Jacek Sasin: Trudno przewidzieć, jak to się zakończy. Wynik nie zależy tylko od dobrej woli rządu i większości parlamentarnej. Wydaje mi się, że nie ma obecnie chęci do merytorycznej rozmowy na ten temat. Mam wrażenie, że KE chce za wszelką cenę ten podatek zablokować, ponieważ jest niekorzystny dla wielkich podmiotów zagranicznych.
Czy to wynik alarmu podnoszonego przez opozycję?

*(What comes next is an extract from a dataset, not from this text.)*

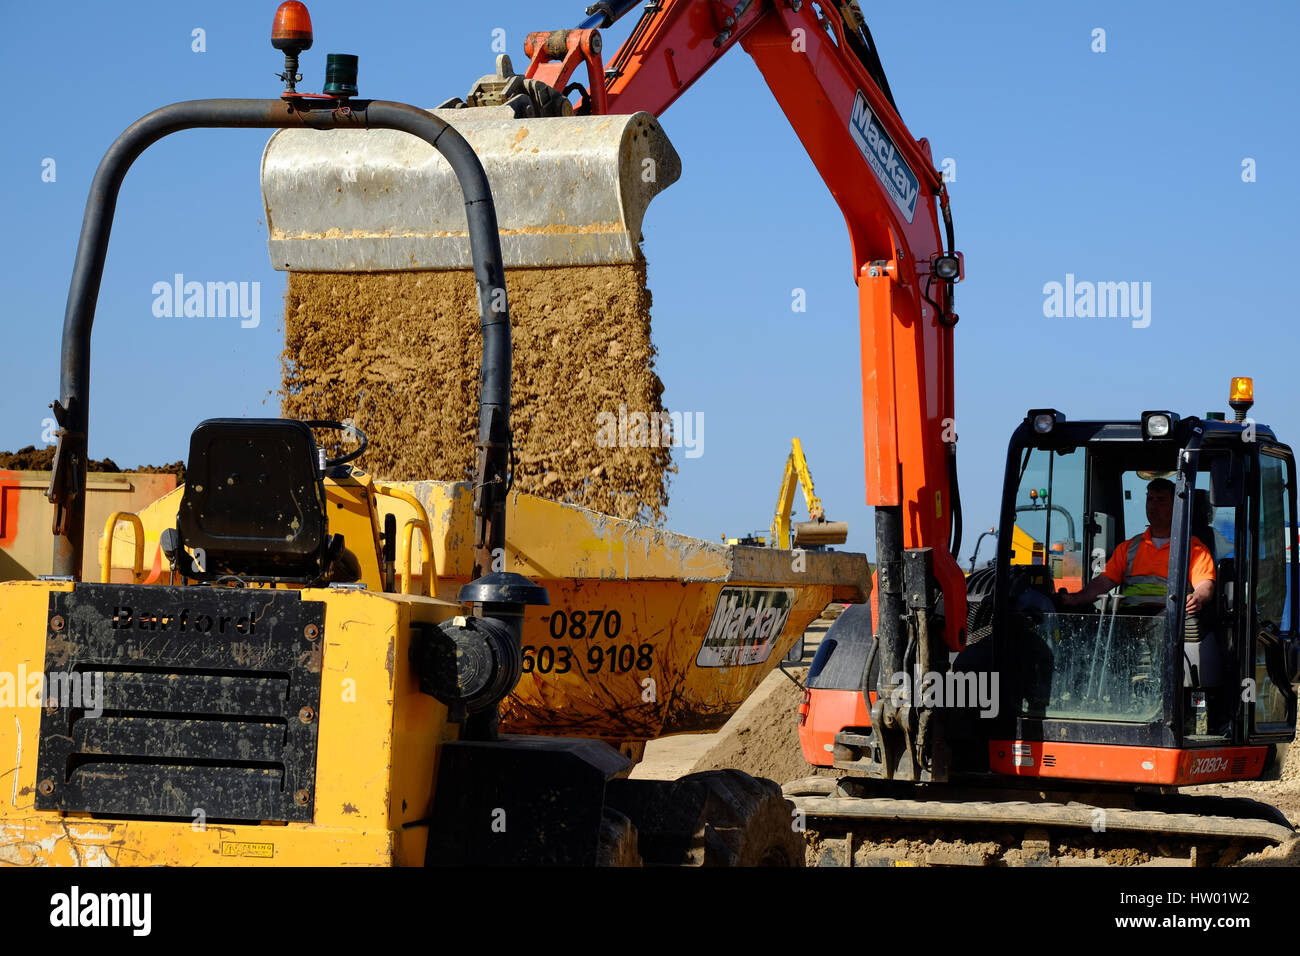 La machinerie lourde utilisée dans la préparation de la terre pour la construction de maisons, Grantham, Lincolnshire, Angleterre, Royaume-Uni. Banque D'Images
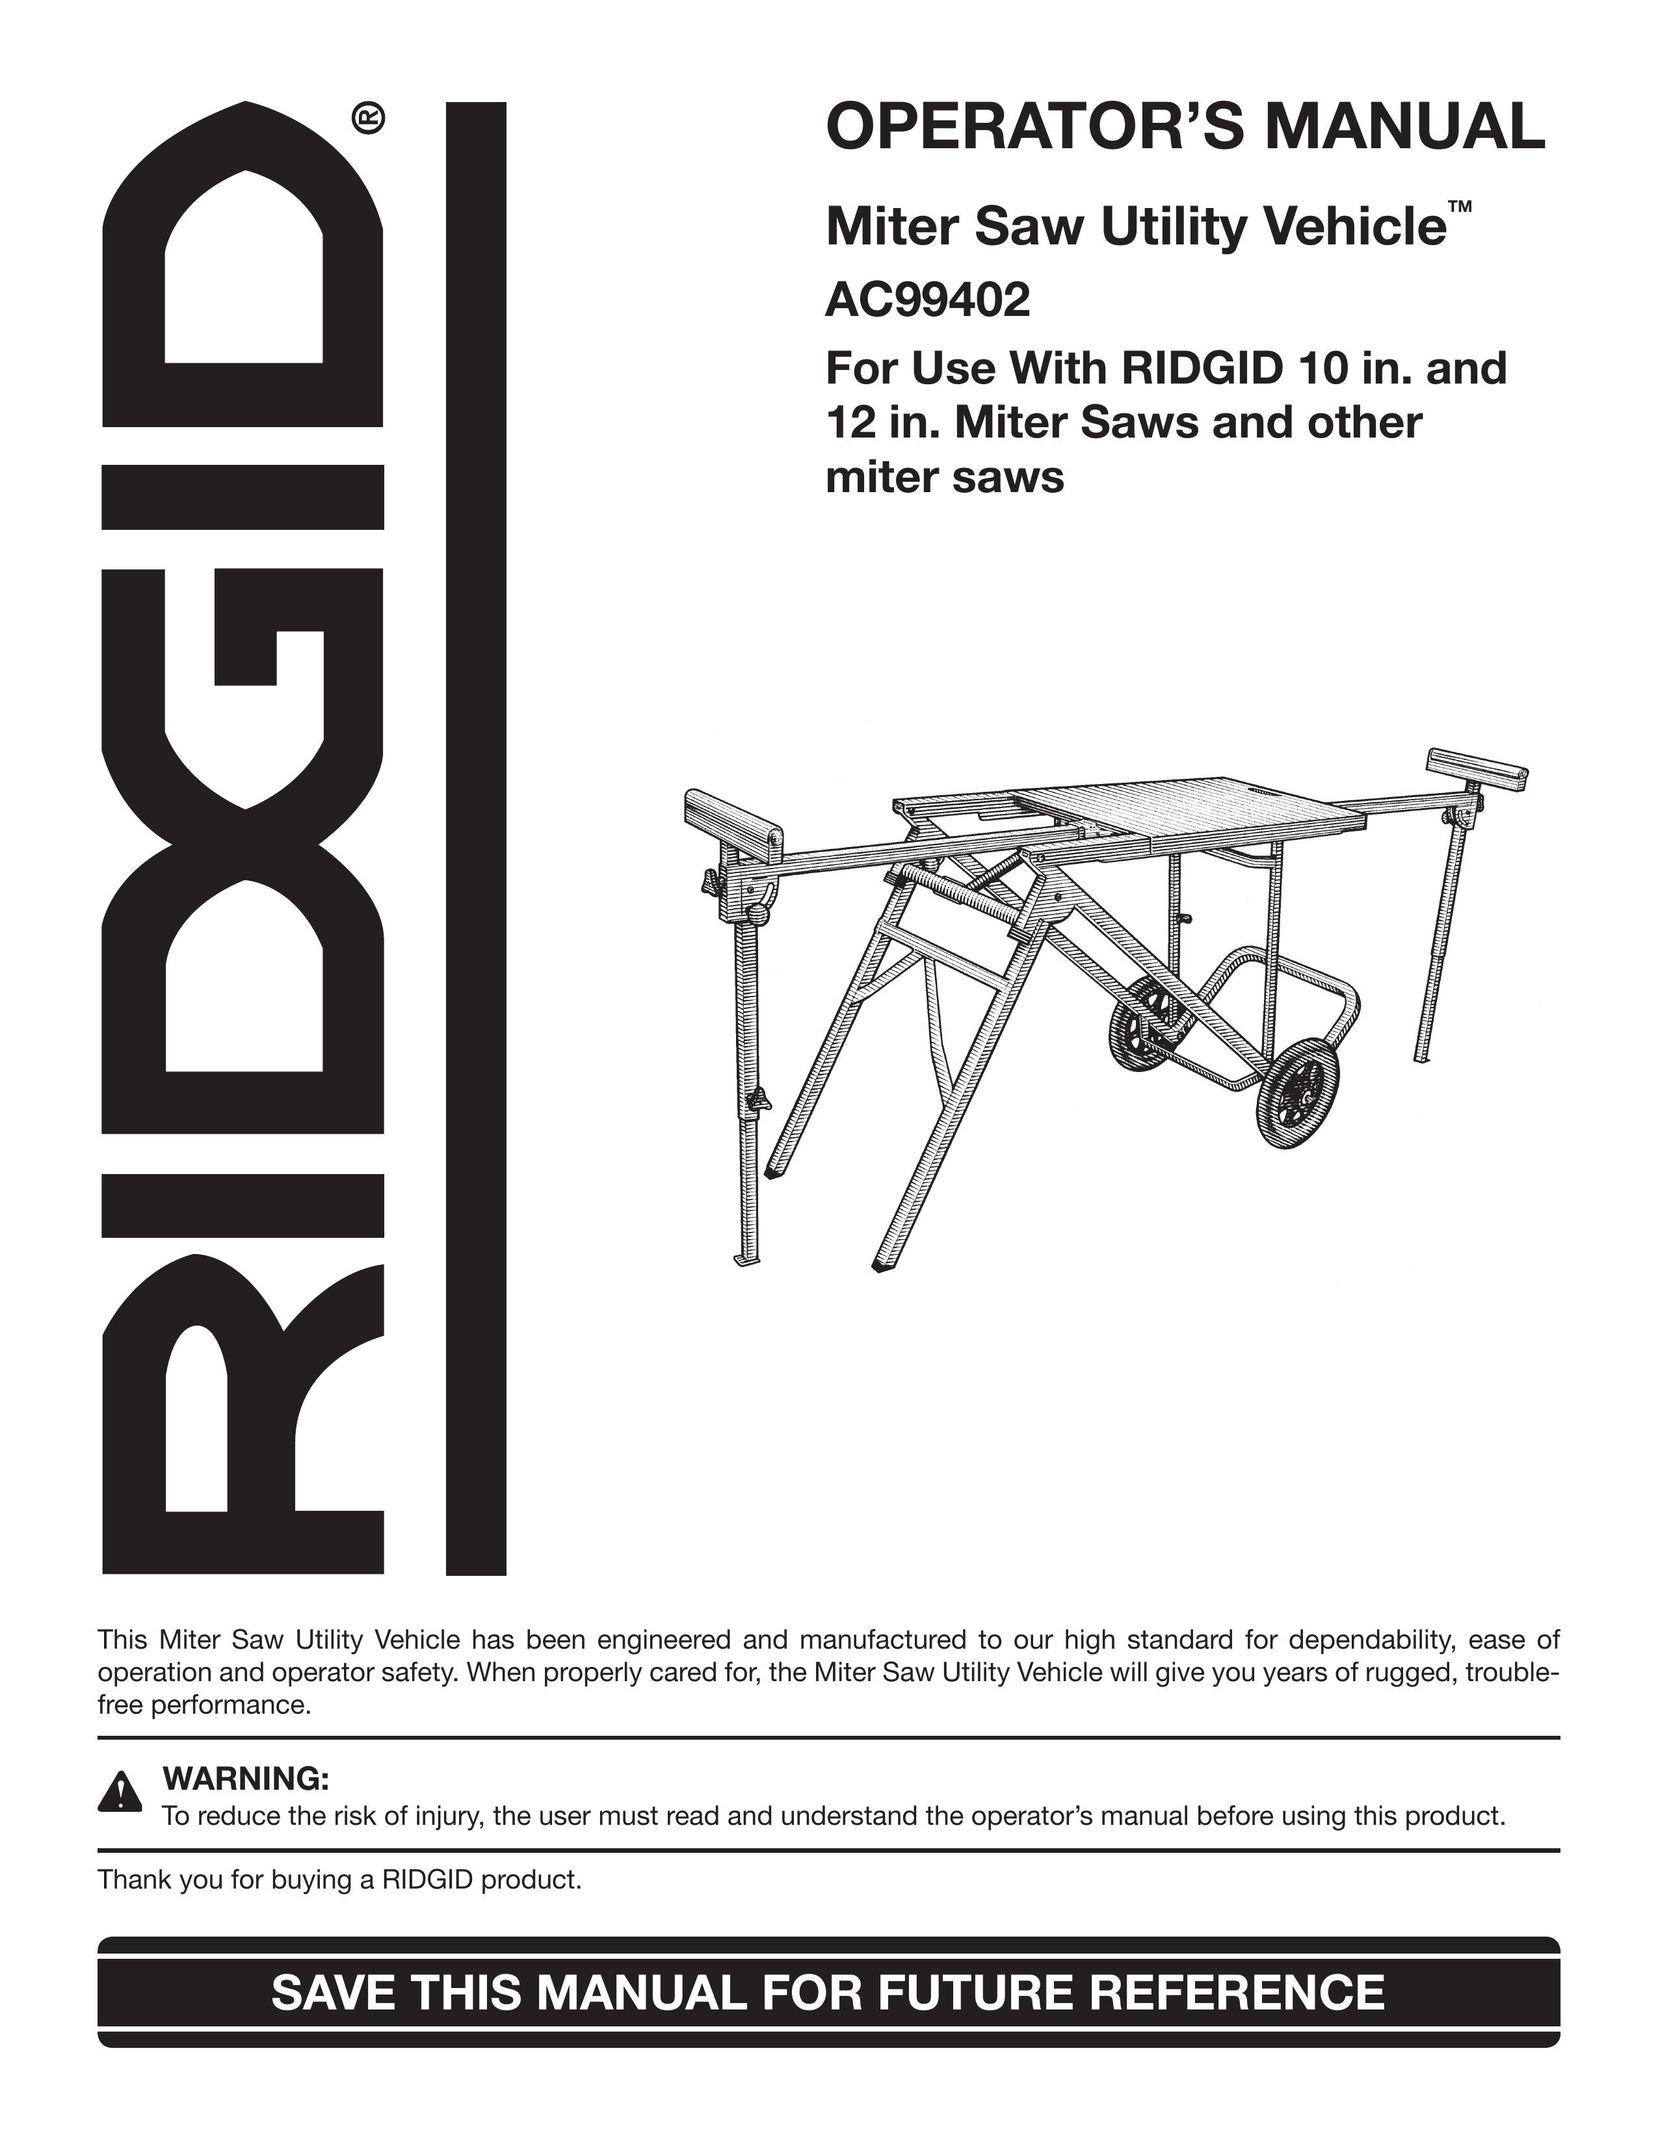 RIDGID AC99402 Saw User Manual

Myślę, że to efekt nacisku lobby reprezentującego duże sieci handlowe – wielkie zagraniczne podmioty, które były i nadal są na pozycji uprzywilejowanej. One mogą sobie pozwolić na niepłacenie podatków czy na sztuczne tworzenie kosztów, by unikać danin na rzecz państwa. Myślę, że to właśnie lobbing macierzystych państw tych podmiotów spowodował, że KE podjęła taką decyzję, a to z kolei wzmacnia przekaz opozycji, że obóz rządzący prowadzi wojnę z instytucjami europejskimi, co nie jest prawdą, bo normalne rozmowy się odbywają. Opozycja dostała po prostu dodatkowe paliwo.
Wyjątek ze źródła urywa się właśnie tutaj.